I met someone else and we had a DS. We also moved when he was 4 to a new area. He started school not knowing anyone at all but was totally fine and made friends quickly so I don’t think you should be too worried about changing school. At such a young age they don’t have firm friendships and can usually make friends very easily. it would certainly be better for you to live near your mum.

be kind to yourself - look after yourself.

millymollymoomoo · 24/04/2024 07:16

@BirthdayRainbow no they’re not

ii don’t care that you don’t want to discuss it. With me further. Stop then. That’s fine. But Your views are totally one sided based on your biased situation. That’s no more helpful to op than mine or any other outcomes and experiences and actually could serve zero good purpose to op at all. Im
just saying there are situations that can work out. And creating to reach agreement in vast majority of cases is better for all.

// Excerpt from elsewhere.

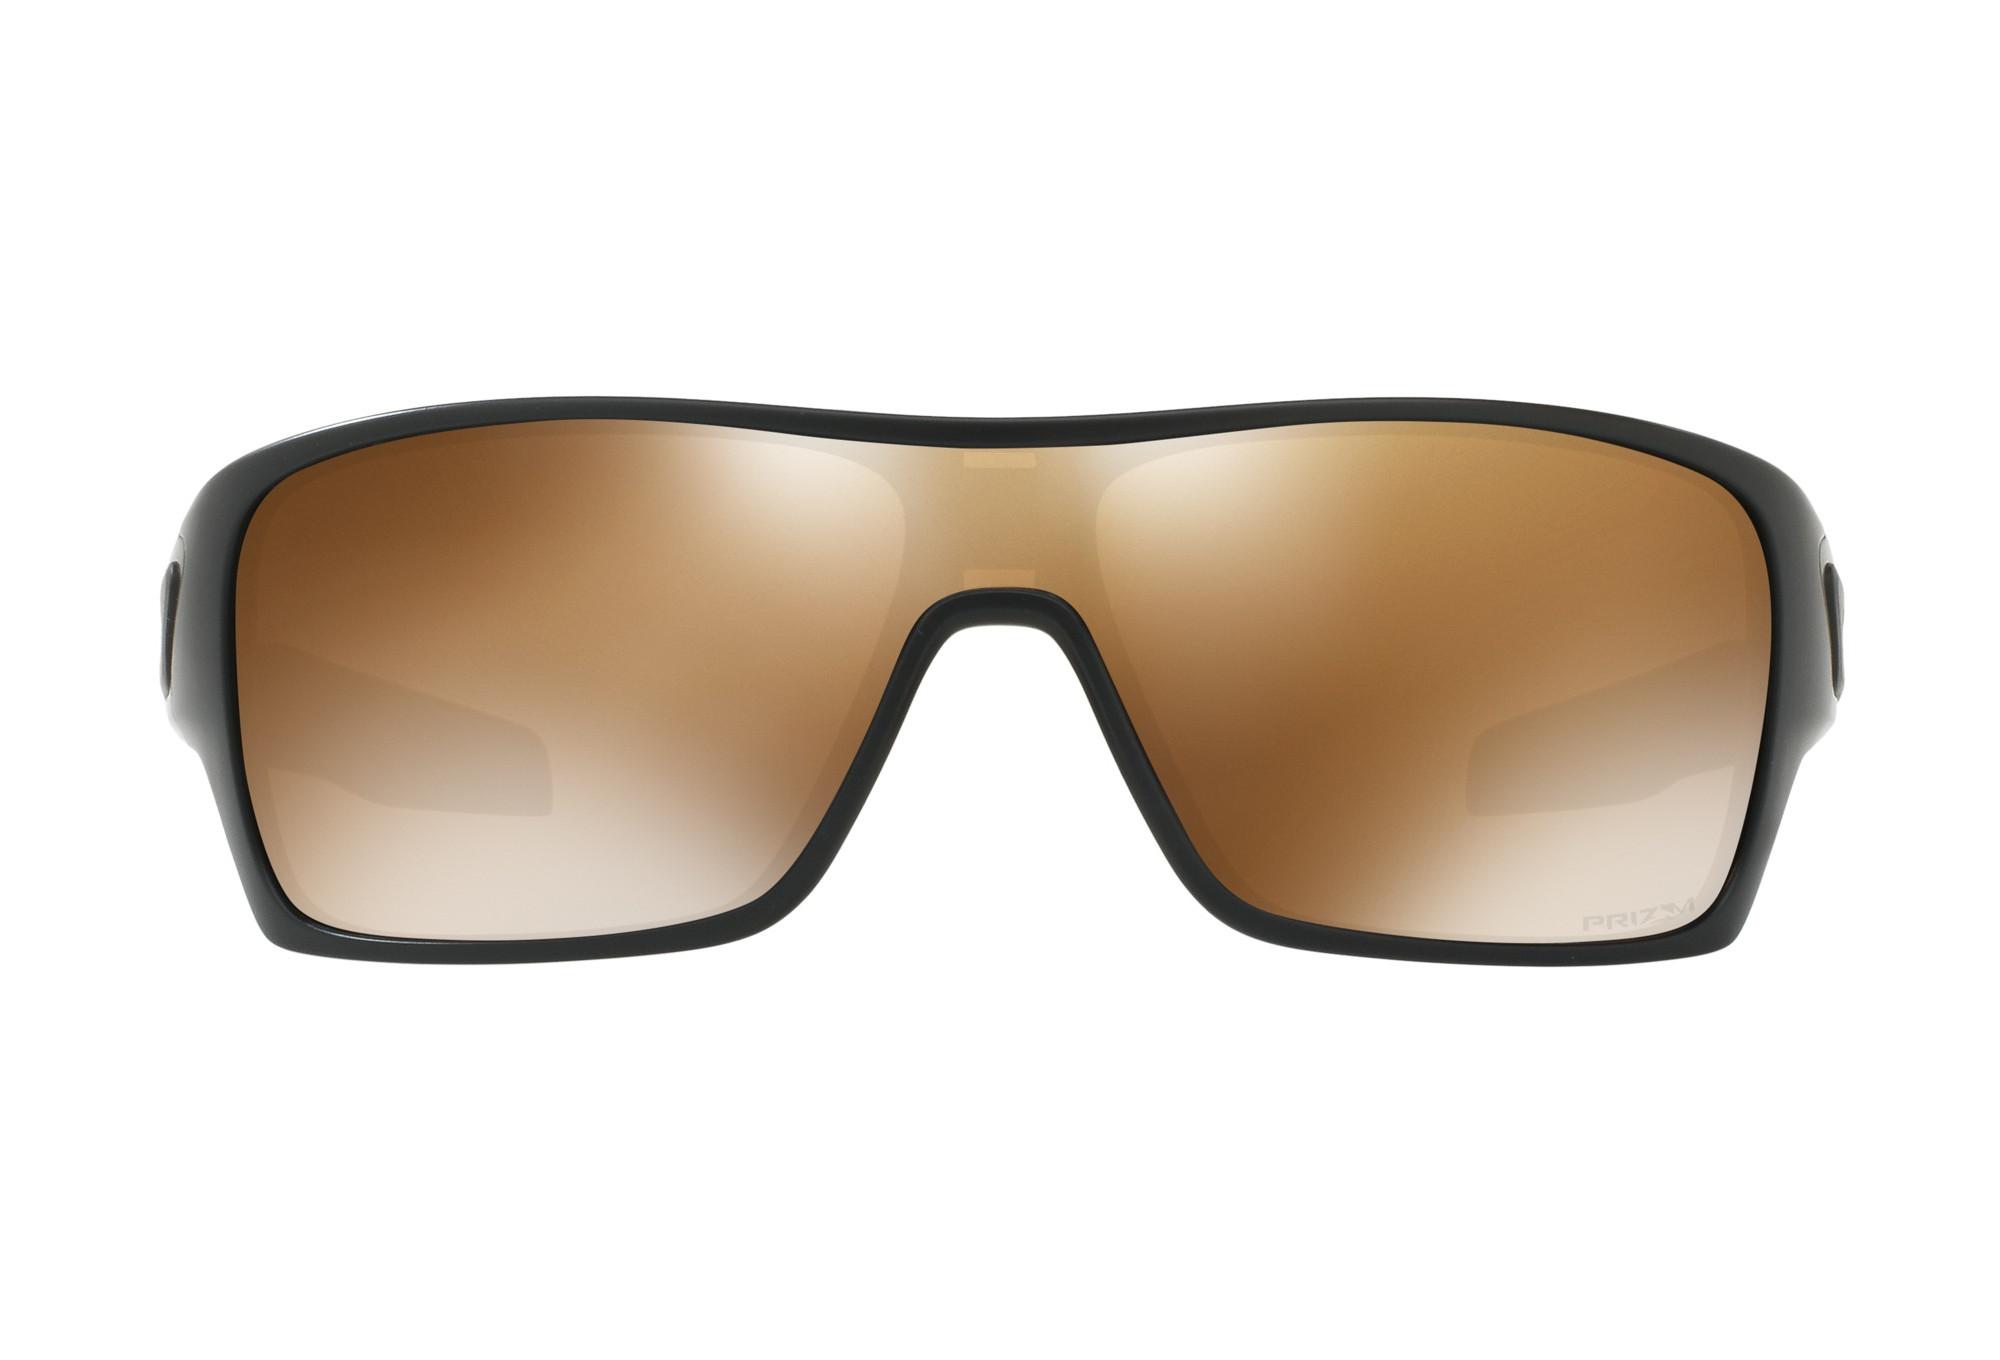 8a401b4b2262 Oakley Prizm Tungsten Frames

so if I want to post a different set of ideas or possibilities that’s not just about riling op up feeding in her hurt that’s ok too

LemonTT · 24/04/2024 08:33

BirthdayRainbow · 23/04/2024 20:14

This isn't always the case. It is too simplistic and naive to think it's only expensive because people are being combative etc.

The vast majority of people don’t have complicated finances. Many Couples go into divorce with knowledge of the joint assets and income. They can quickly establish needs and will know the local housing market or have the ability to use right move. Two reasonable adults with mediation and a bit of legal advice can divorce quickly and cheaply. This is not just better for their mental health it is better for the children. There is nothing in her posts to suggest he has the ability to hide large amounts of money or isn’t going to contribute to his children. Yes, there is a risk of this in a divorce but risk should be managed proportionately.

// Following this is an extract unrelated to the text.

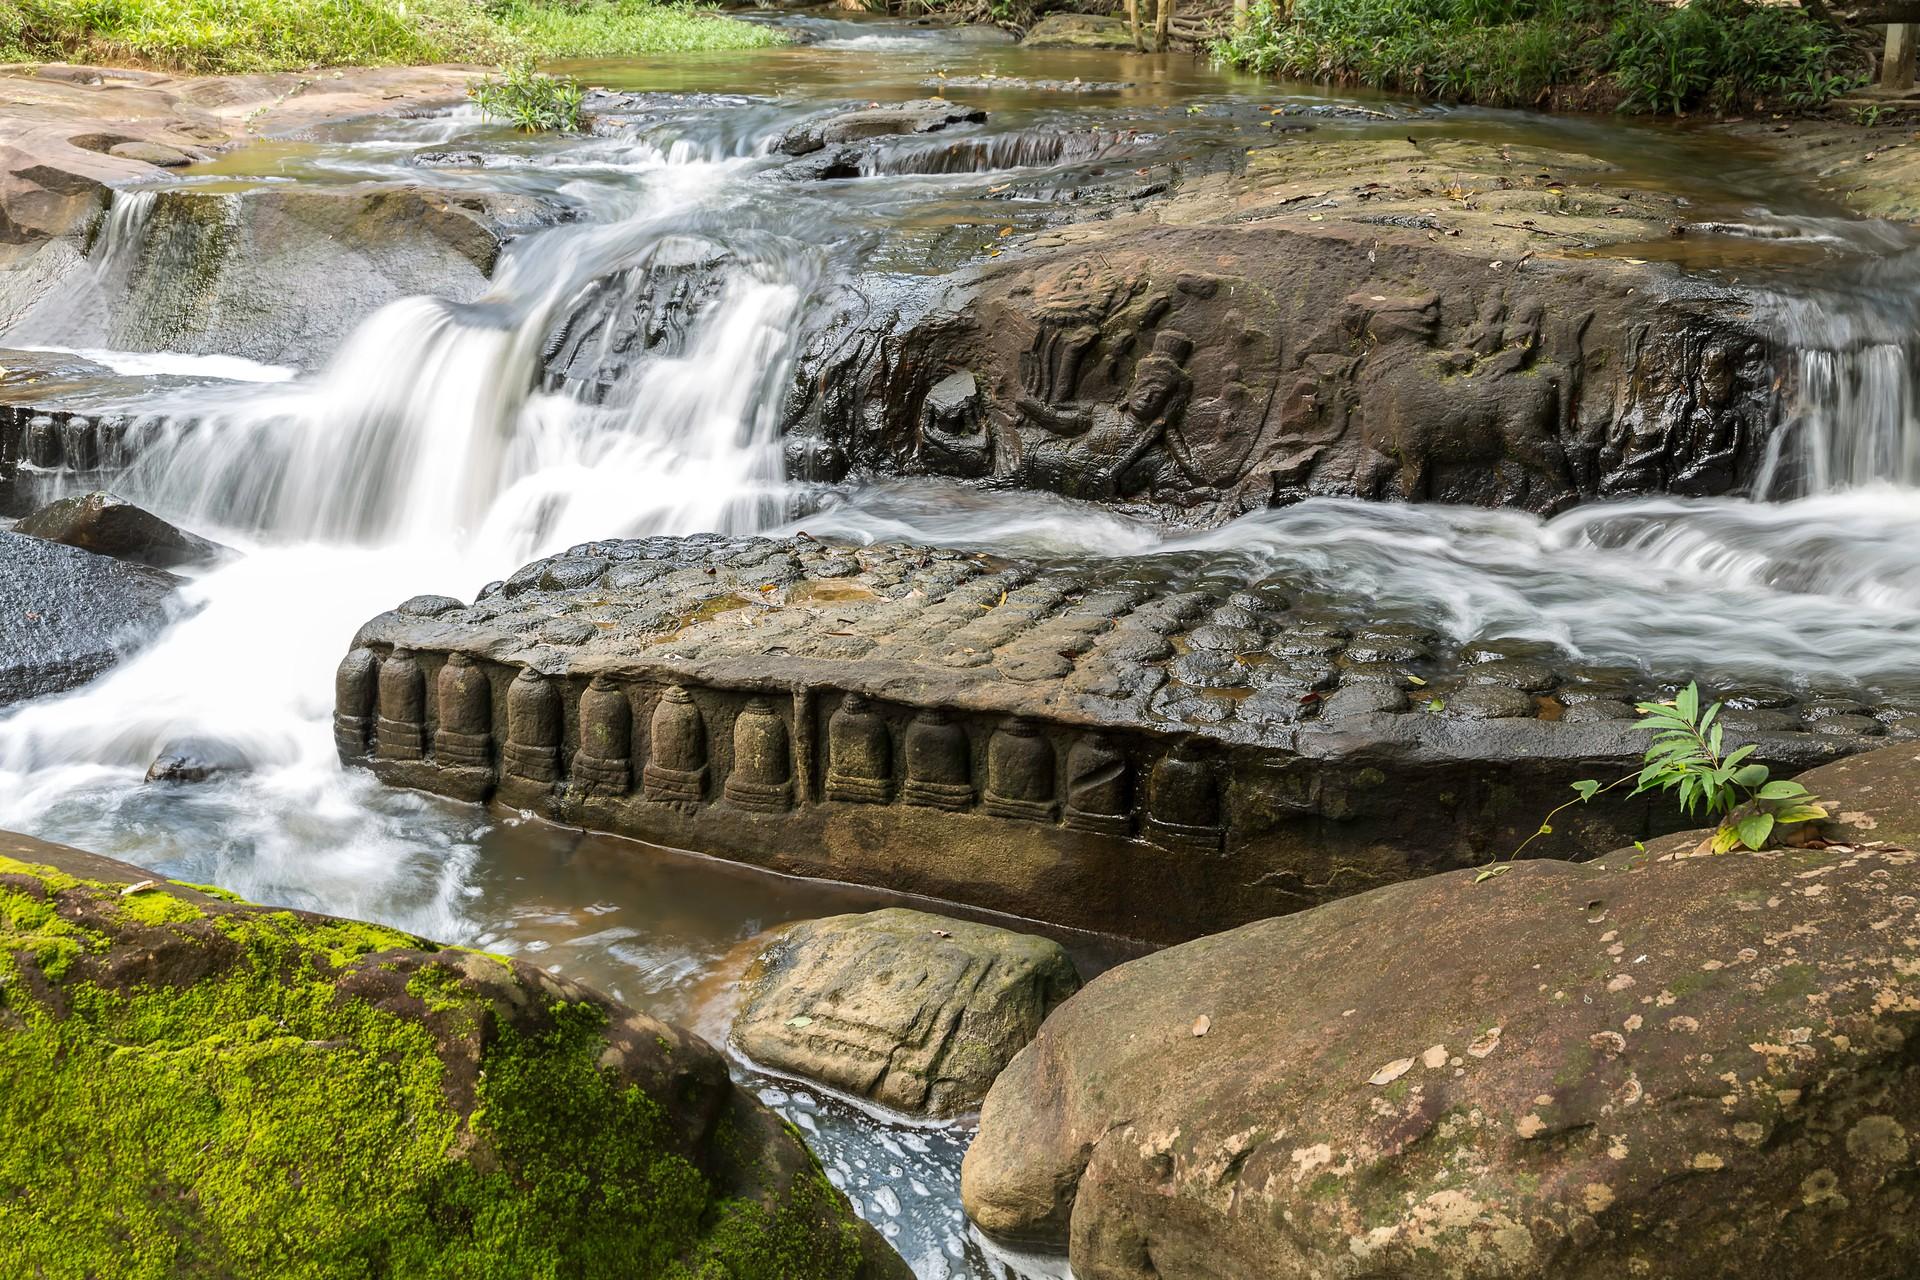 River carvings of Kbal Spean, Cambodia

The OP and her ex are in a very raw stage of separation and both are reacting emotionally without a great deal of thought. If he has been erratic then so too as the OP. They need to calm down and really think about what they want to achieve and what they can achieve.

Quite why so many people on this post want to add fuel to the fire and get the OP more and more wound up is beyond me. There are children in that house and they need their parents to act like grown ups.

Nobody has told the OP not to use a lawyer. They are telling her to avoid running up unnecessary legal costs. Because that money can help her buy a house and live a better life.